His hands clenched into fists.

"This is real."

But how?

Moments later, he felt a pain throbbing in his skull, sharp and sudden, as if someone had plunged a red-hot needle into his brain.

"Argh—!" Inigo groaned, clutching his head as a flood of images, sounds, and emotions surged through him.

Memories—not his, but his.

Scenes flashed before his eyes like an old, glitchy video reel:

A young boy, Inigo, standing beside a frail old woman, her hands rough from years of hard work.

A small, dimly lit house with creaking wooden floors, where every peso was carefully counted.

His little sister, no older than ten, tugging at his sleeve, her stomach growling but her face trying to hide the hunger.

His parents—gone. Separated. Living their own lives, too busy with their new families to care.

And their grandmother, Nanay Lina, the only one who never left, never abandoned them. The woman who worked from sunrise to sunset, bending over steaming pots in a local carinderia, just to put food on their table.

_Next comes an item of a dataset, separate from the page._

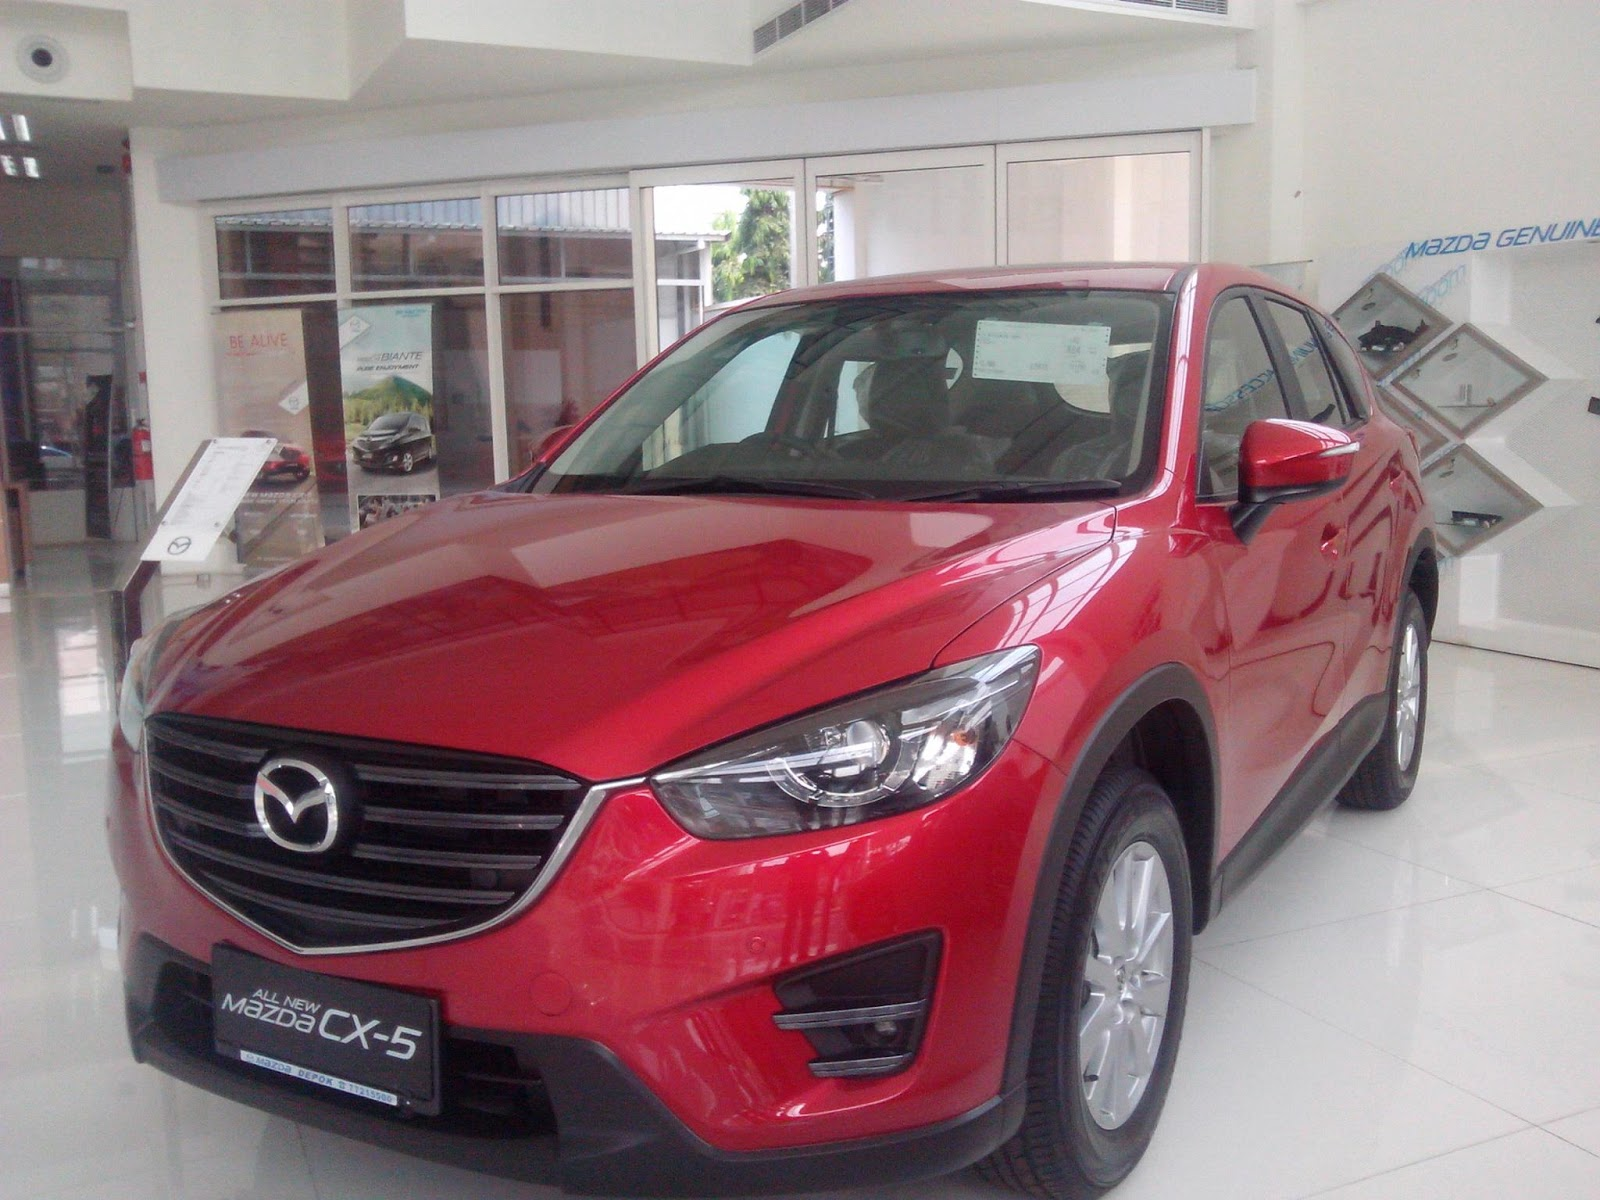 Mazda discount coupons

His body trembled as he absorbed the memories, the sheer weight of them pressing down on his chest like an iron fist.

This Inigo—this version of him—was poor.

Poor.

Not the "struggling startup phase" kind of poor. Not the "temporary financial setback" kind of poor. But real poverty, the kind where every meal was uncertain, where bills were a looming shadow, where the fear of being unable to pay rent was a constant battle. 

And yet, despite all of that, Nanay Lina never complained.

She took on the role of both mother and father, raising two kids who weren't even hers to raise. She sacrificed her own comfort, her own rest, just to make sure they had a future.

Inigo felt a lump in his throat. His chest ached as if the emotions of the original him were still lingering, pressing against his heart. Before he realized it, a single tear slid down his cheek.

Not out of sadness, but out of pity.

Not for himself—but for her.

This woman, this grandmother—she had done everything for him and his sister, without expecting anything in return.

And in return, what did this version of Inigo give her?

A life of constant struggle, of barely scraping by, of endless worry about whether she could afford the next semester's tuition or put enough food on the table.

His hands clenched into fists.

No.

That wasn't happening anymore.

Not if he could help it.

He wasn't the same Inigo Pascual from this world.

He was a man who had built an empire. A man who had created billion-dollar games, revolutionized an industry, and stood at the top of the world.

And if this world was going to throw him into a life of hardship, then he would rewrite his own fate.

For himself.

For his sister.

For Nanay Lina.

His Blueberry phone vibrated again, snapping him out of his thoughts.

[Boss Harold]: 3 minutes. You coming or not?

Inigo wiped his tear away, exhaling slowly.

This world might have stripped him of his wealth, but it didn't take away his knowledge.

He was going to make money. A lot of money.

And the first step?

Surviving this damn café shift.

With that, he grabbed his bag, took one last deep breath, and rushed out of the room.